[vtkusers] Re: is VTKDelete() intended for public use?

Steve M. Robbins steven.robbins at videotron.ca
Fri Oct 7 10:31:02 EDT 2005


On Fri, Oct 07, 2005 at 07:23:45AM -0400, Jeff Lee wrote:
> Hi Steve,
> One way would be to make sure you remove all references to the vtk 
> object, then call System.gc() which will do the finalize, and actually 
> delete the pointer immediately.  

But explicit garbage collection is only a hint, and it is said to be a
bad idea:

    A third category where developers often mistakenly think they are
    helping the garbage collector is the use of System.gc(), which
    triggers a garbage collection (actually, it merely suggests that
    this might be a good time for a garbage
    collection).
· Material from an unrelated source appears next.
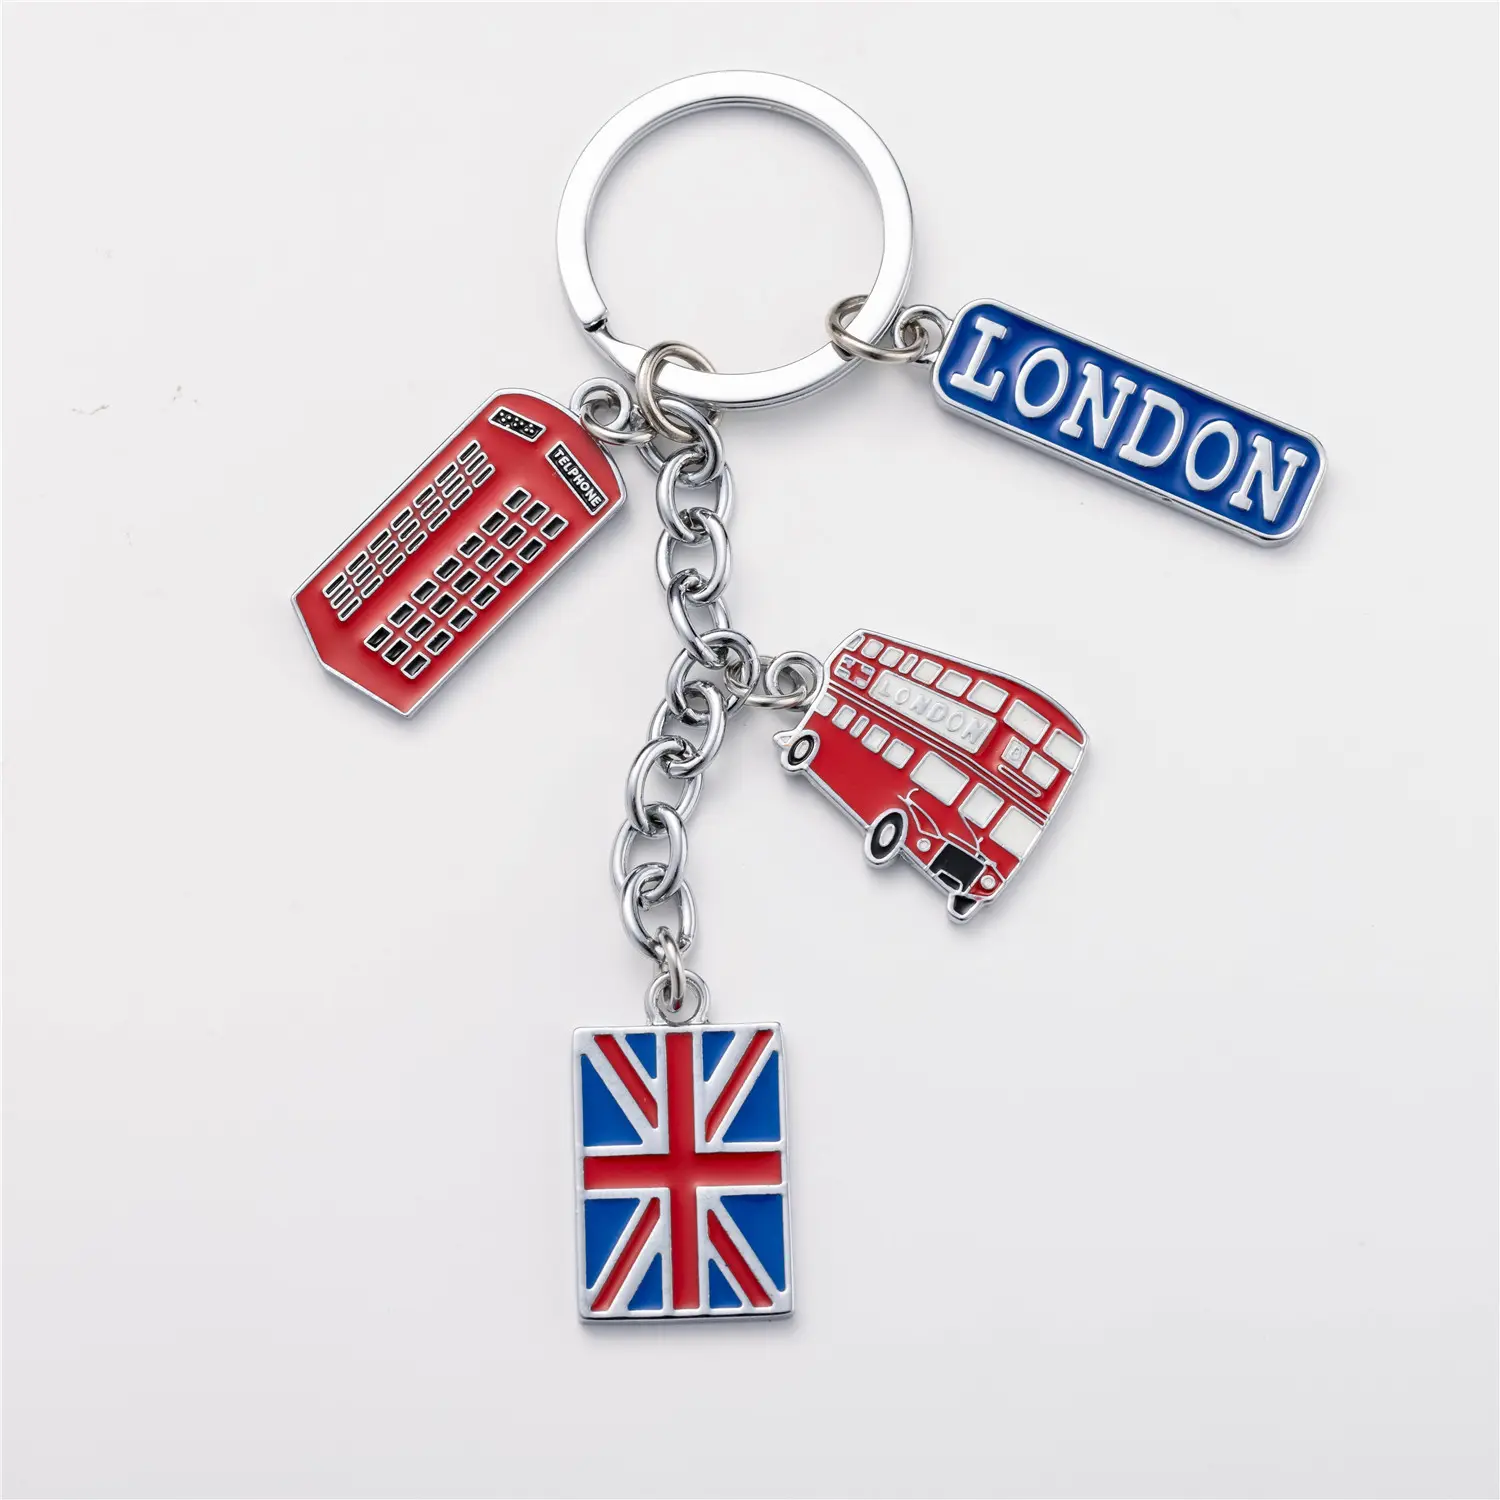 Drapeau britannique Landmark Souvenir rouge royaume-uni Souvenir cadeau porte-clés métal britannique Londres Bus porte-clés voiture porte-clés sac breloques

Unfortunately, System.gc() triggers a full
    collection, which includes tracing all live objects in the heap
    and sweeping and compacting the old generation. This can be a lot
    of work. In general, it is better to let the system decide when it
    needs to collect the heap, and whether or not to do a full
    collection. Most of the time, a minor collection will do the
    job.

    http://www-128.ibm.com/developerworks/java/library/j-jtp01274.html


> I am not opposed to your patch, but 
> VTKDelete has reference counting in it, and if someone else has a 
> reference somewhere, the object won't be deleted anyway.

The java object won't be deleted, no.  But I only care about removing
a reference from the C++ object that holds the resources.

Yes, it is dangerous in that someone may now be holding an invalid
java object.  I can live with that.  It would be even better if the
JNI code would detect and throw IllegalStateException in this
situation.  I bet we could do that without too much trouble.

> For me, explicitly calling VTKDelete is philosophically not the
> right thing to do.  In java, you should make sure the reference tree
> is clean for the object, and then it will be finalized when garbage
> collection occurs.  If the vm is memory bound, then the garbage
> collection will be invoked more often, ensuring that the
> vtkImageData will be deleted shortly after all references are
> removed.

Our software is an image viewer with a mixture of small, short-lived
things (typically generated by mouse events), and very large,
long-lived things (like image buffers).  Hard-won experience taught us
that we should not rely on GC for the latter, for several reasons.  In
practice, this is not an impediment because we know precisely when we
can dispose of the buffer.  Hence our search for a way to dispose of
the VTK C++ objects.

If VTKDelete is not the right method, can we design a better one?